__Aim of the exercise__:
Below is a listing; restate from it, character for character, the lines beginning at the line holding "Fleet Tracking" and ending at the line holding "Hatoys Toddler Infant", both included.

__Data records__:
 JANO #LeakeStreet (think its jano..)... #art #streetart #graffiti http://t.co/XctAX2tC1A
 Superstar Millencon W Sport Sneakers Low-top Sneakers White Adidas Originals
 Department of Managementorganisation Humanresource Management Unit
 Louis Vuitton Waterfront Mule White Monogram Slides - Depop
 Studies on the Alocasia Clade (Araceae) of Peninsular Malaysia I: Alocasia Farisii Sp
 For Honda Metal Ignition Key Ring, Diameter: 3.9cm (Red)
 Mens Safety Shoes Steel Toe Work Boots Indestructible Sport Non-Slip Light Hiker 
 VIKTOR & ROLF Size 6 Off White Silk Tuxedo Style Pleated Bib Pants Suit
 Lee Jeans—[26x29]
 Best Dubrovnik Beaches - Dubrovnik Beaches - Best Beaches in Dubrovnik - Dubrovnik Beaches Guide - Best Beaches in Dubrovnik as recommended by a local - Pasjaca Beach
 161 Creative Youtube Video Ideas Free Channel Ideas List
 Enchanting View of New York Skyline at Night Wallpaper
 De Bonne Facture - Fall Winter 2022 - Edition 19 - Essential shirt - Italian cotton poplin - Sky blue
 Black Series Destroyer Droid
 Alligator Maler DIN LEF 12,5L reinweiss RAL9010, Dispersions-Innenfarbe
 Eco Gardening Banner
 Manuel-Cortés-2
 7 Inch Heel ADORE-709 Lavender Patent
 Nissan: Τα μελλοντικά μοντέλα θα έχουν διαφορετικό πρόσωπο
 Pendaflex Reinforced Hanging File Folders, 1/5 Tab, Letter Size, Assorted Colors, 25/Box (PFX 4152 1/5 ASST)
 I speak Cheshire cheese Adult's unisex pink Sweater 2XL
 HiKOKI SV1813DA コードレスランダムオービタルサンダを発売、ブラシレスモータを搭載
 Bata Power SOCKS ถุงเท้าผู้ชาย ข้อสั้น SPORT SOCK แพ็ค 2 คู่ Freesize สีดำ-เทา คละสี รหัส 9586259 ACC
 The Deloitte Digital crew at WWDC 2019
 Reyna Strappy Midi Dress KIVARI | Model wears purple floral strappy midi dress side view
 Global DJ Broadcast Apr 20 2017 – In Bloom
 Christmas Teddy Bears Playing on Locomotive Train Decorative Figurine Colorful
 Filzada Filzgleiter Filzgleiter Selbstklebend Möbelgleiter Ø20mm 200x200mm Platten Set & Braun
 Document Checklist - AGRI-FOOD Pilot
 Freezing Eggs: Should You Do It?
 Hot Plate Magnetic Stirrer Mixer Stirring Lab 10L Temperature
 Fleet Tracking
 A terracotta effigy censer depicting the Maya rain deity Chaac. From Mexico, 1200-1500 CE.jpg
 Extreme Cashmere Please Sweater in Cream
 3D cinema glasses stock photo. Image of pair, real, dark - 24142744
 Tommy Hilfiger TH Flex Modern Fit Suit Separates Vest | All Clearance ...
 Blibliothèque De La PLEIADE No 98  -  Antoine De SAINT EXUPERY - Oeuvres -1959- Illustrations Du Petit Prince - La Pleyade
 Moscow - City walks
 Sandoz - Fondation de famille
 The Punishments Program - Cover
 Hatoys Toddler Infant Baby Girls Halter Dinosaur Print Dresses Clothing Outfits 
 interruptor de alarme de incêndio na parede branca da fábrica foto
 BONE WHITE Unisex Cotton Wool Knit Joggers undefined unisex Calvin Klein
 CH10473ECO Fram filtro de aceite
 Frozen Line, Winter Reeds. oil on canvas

__Finished task__:
 Fleet Tracking
 A terracotta effigy censer depicting the Maya rain deity Chaac. From Mexico, 1200-1500 CE.jpg
 Extreme Cashmere Please Sweater in Cream
 3D cinema glasses stock photo. Image of pair, real, dark - 24142744
 Tommy Hilfiger TH Flex Modern Fit Suit Separates Vest | All Clearance ...
 Blibliothèque De La PLEIADE No 98  -  Antoine De SAINT EXUPERY - Oeuvres -1959- Illustrations Du Petit Prince - La Pleyade
 Moscow - City walks
 Sandoz - Fondation de famille
 The Punishments Program - Cover
 Hatoys Toddler Infant Baby Girls Halter Dinosaur Print Dresses Clothing Outfits 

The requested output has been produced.